Patients must also work to be prepared. Before an emergency, patients should have documentation of their diabetes and how they are monitoring and controlling it. A written list of medications is essential in case their medication is damaged during the disaster.
In Puerto Rico, emergency plans were tested during several recent disasters. Puerto Rico had several days’ head start before Hurricane Maria approached. At Hospital General Castañer, clinicians went into the community to get additional medication into the hands of those most at risk. Unfortunately, a lot of medicine was damaged during the hurricane. When the power went out, many people threw away their insulin, fearing that it had gotten warm, and headed back to the hospital for a new prescription, but their health plans would not cover the insulin as they had just refilled their prescription – a concern that health centers should prepare for. In this emergency, the hospital advised patients to keep their insulin vials in cool clean water to maintain a low temperature, and to keep it out of direct sunlight, when refrigeration was unavailable. Dr. Rodriguez noted that the hospital was without regular electricity for six months. When infrastructure is destroyed, the disruption becomes a long-term concern, and medication and storage of medication should be considered when patients develop their personal plan.

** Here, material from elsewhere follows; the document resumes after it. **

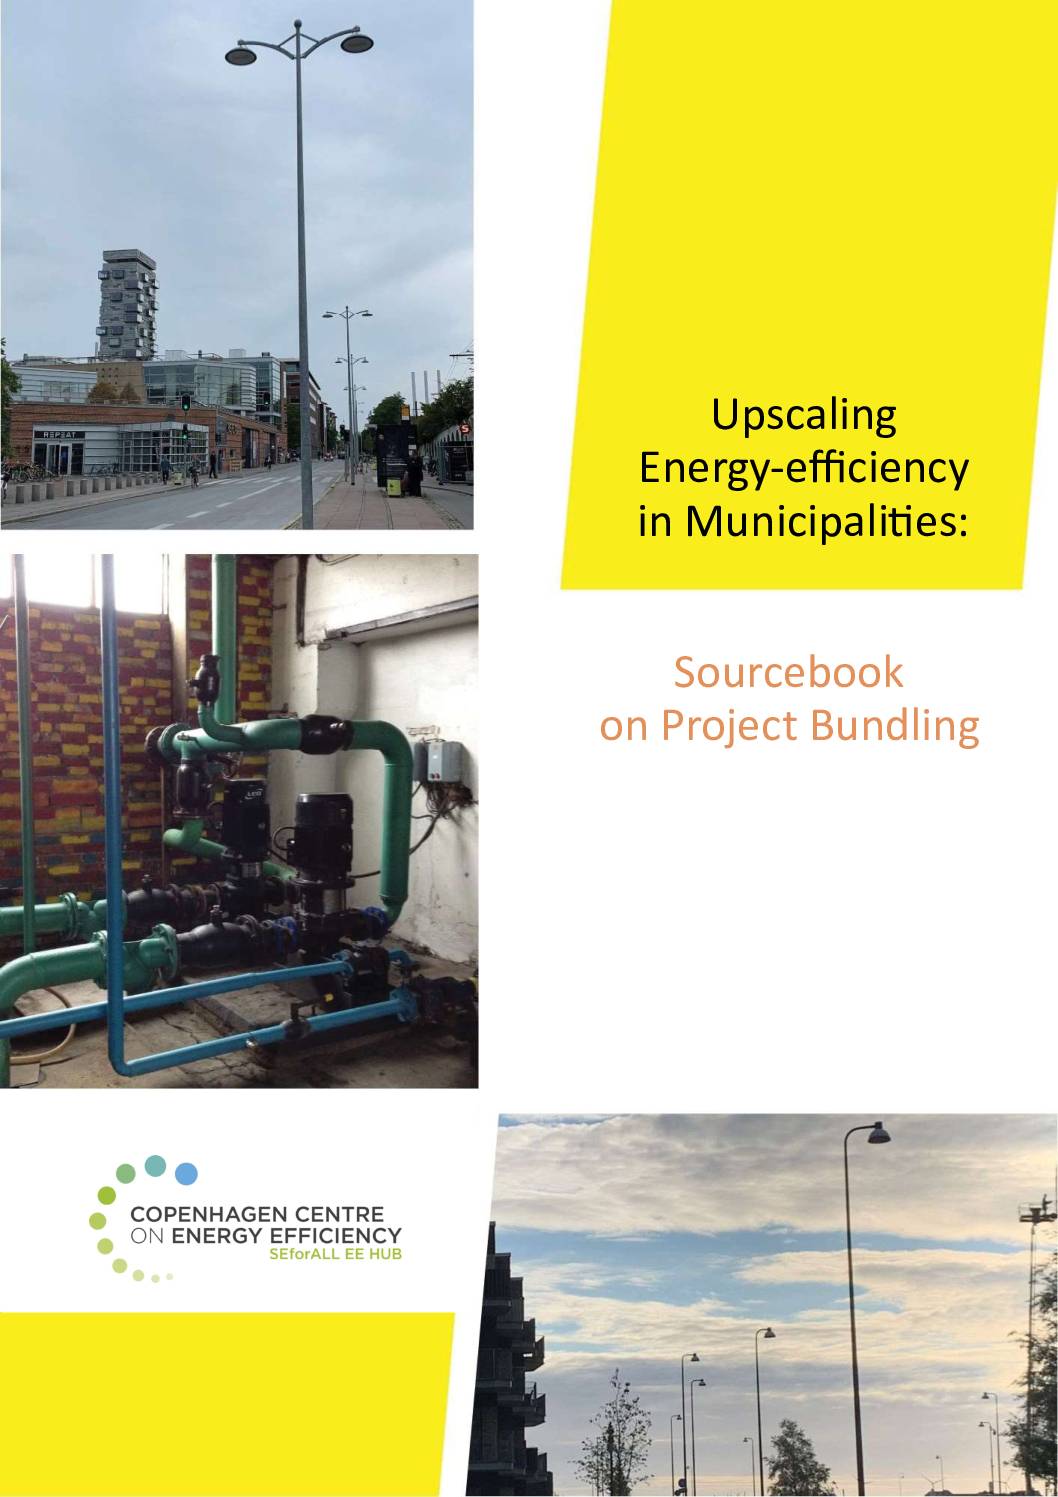 Upscaling Energy-efficiency in Municipalities: Sourcebook on Project Bundling

Home monitoring and clinical concerns
Patients may need to practice self-management of their diabetes for extended periods, and consequently should be well informed of their health concerns and how to monitor their diabetes. Patients should also be aware of the signs and symptoms when their diabetes requires immediate clinical attention. Stress, illnesses, exercise, and other medications can all affect control of diabetes.

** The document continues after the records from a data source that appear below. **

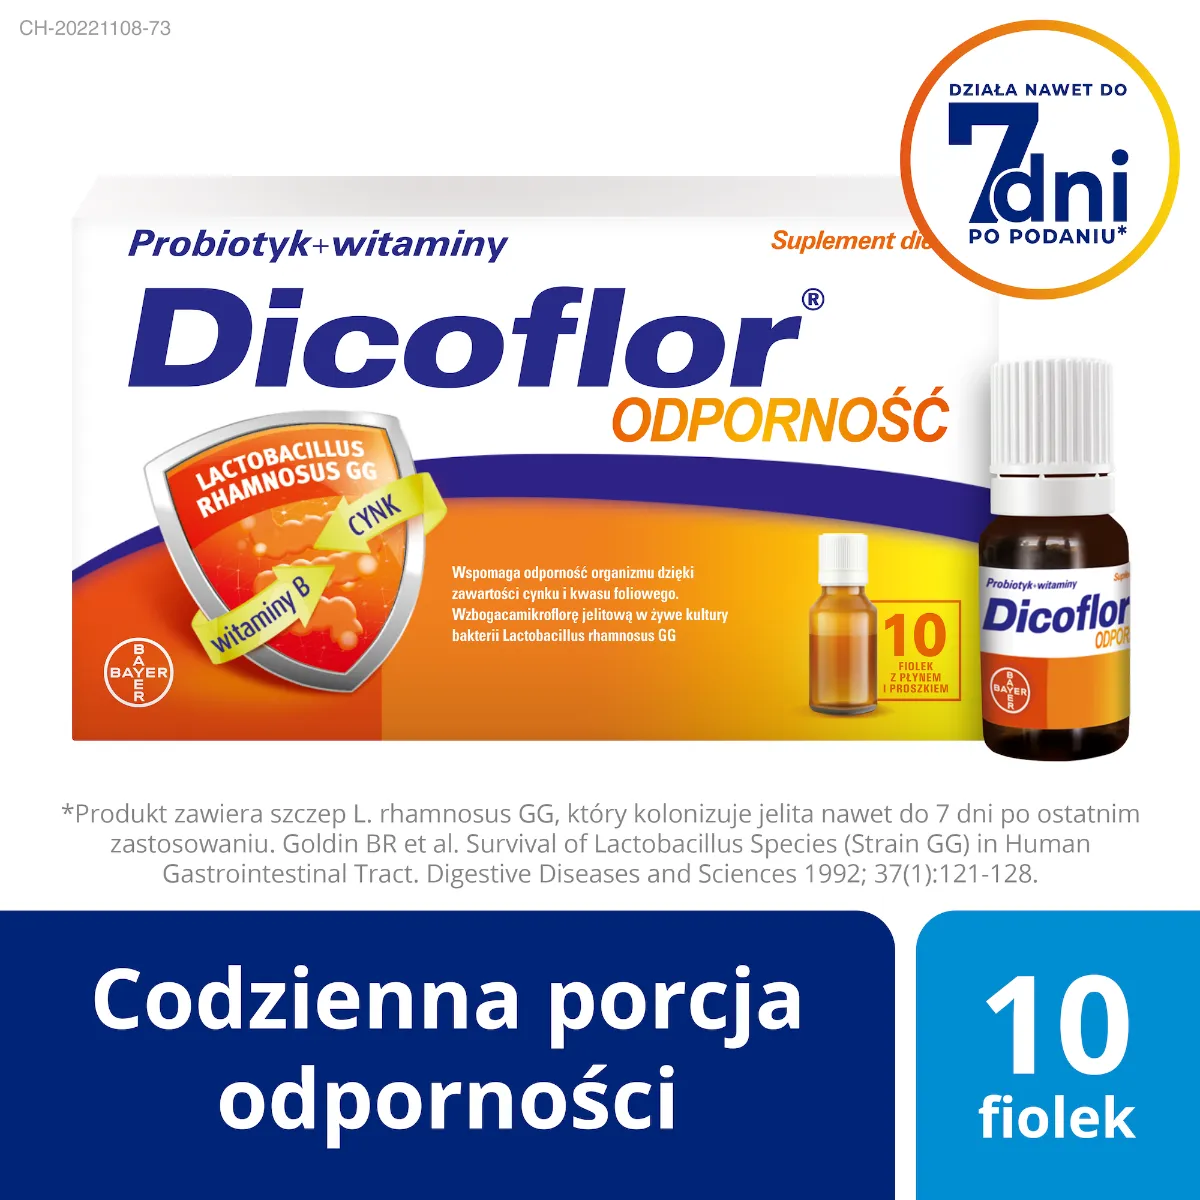 Dicoflor Odporność, suplement diety, 10 fiolek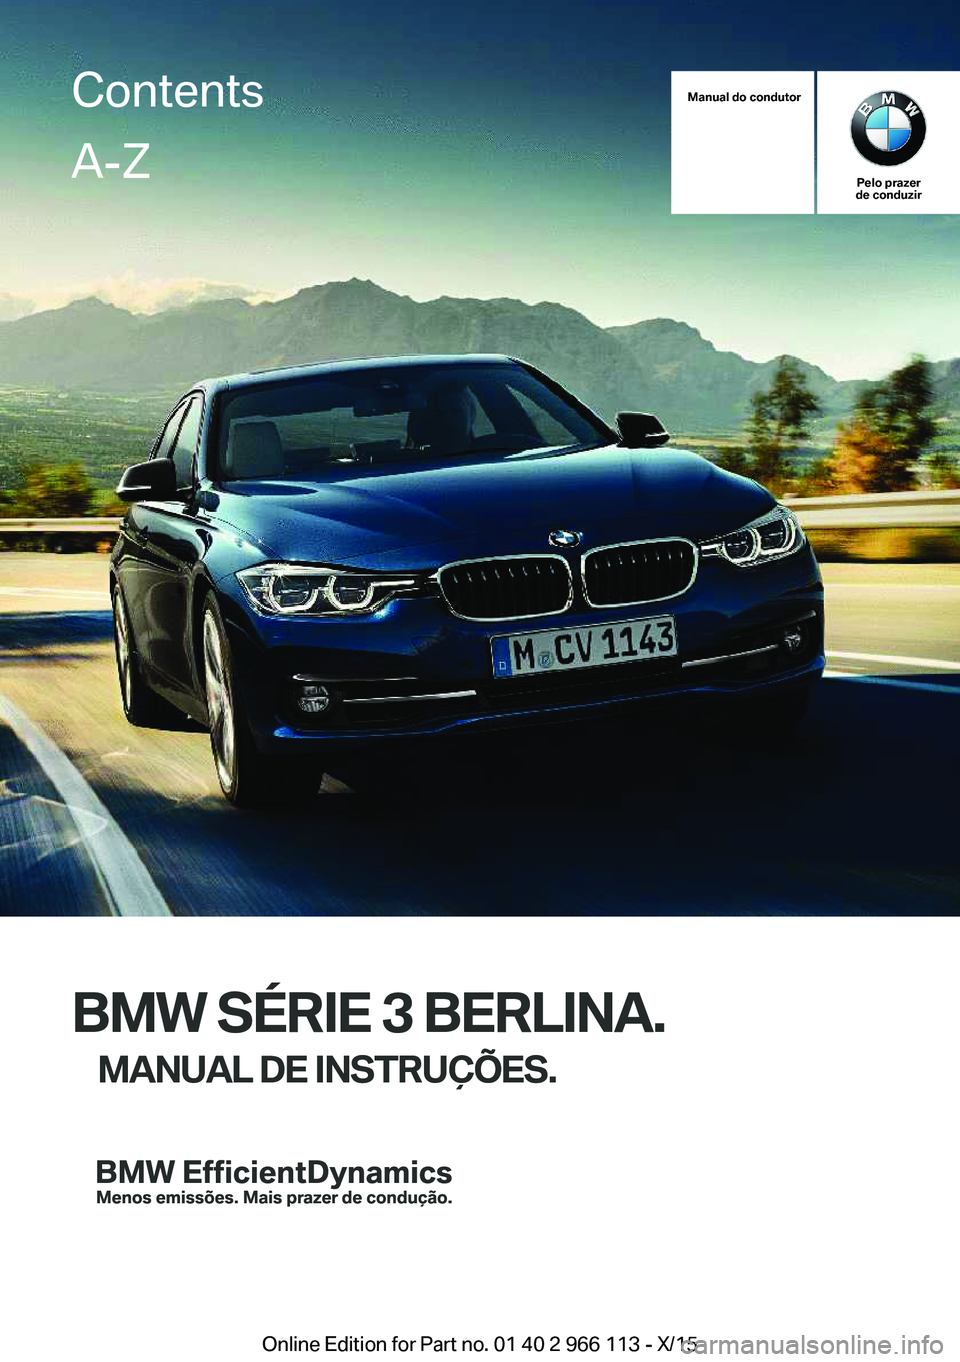 BMW 3 SERIES 2016  Manual do condutor (in Portuguese) Manual do condutor
Pelo prazer
de conduzir
BMW SÉRIE 3 BERLINA.
MANUAL DE INSTRUÇÕES.
ContentsA-Z
Online Edition for Part no. 01 40 2 966 113 - X/15

Of course, going into an emergency with controlled diabetes is much safer than with uncontrolled, and patients should be encouraged to take diabetes care seriously and urgently. After a disaster, with no electricity, patients need to have written instructions to refer to on how to monitor their diabetes, Dr. Rodriguez recommended, and power supplies to keep their home monitoring systems working properly. He emphasized the importance of FDA-approved monitors, and working with patients to troubleshoot potential issues to make sure readings are correct. Many newer home monitoring devices monitor blood sugar throughout the day, and allow patients to send blood sugar graphs to their clinicians for review. Understanding blood sugar dips and spikes throughout the day, what causes them, and how to adjust medication and lifestyle to prevent unhealthy ones, is important for patients with diabetes to understand before a disaster strikes.
Patients must understand the signs and symptoms of hypo- and hyperglycemia, in the case that home monitoring systems fail. For hypoglycemia, when blood sugar is too low, symptoms include sweating, disorientation, confusion, irritability, tremors, faster or irregular heartbeat, dizziness, imbalance, convulsions. Hypoglycemia can lead to a coma if not treated. Hyperglycemia, when blood sugar is too high, has some overlapping symptoms, including dizziness, irregular heartbeat, sweating, confusion, and a general feeling of being unwell. However, hyperglycemia frequently presents with thirst and frequent urination, hunger, and blurred vision. In the case of an emergency, where equipment is unavailable and emergency services are hard to reach, a patient can test with food. If food improves your low blood sugar within 15 to 30 minutes, then the patient was experiencing an episode of hypoglycemia. If it does not improve, emergency services are warranted.
Mental health and wellness
Mental health is an oft-overlooked concern that people with diabetes must prepare for in the case of a disaster. Any disaster can affect an individual’s mental health.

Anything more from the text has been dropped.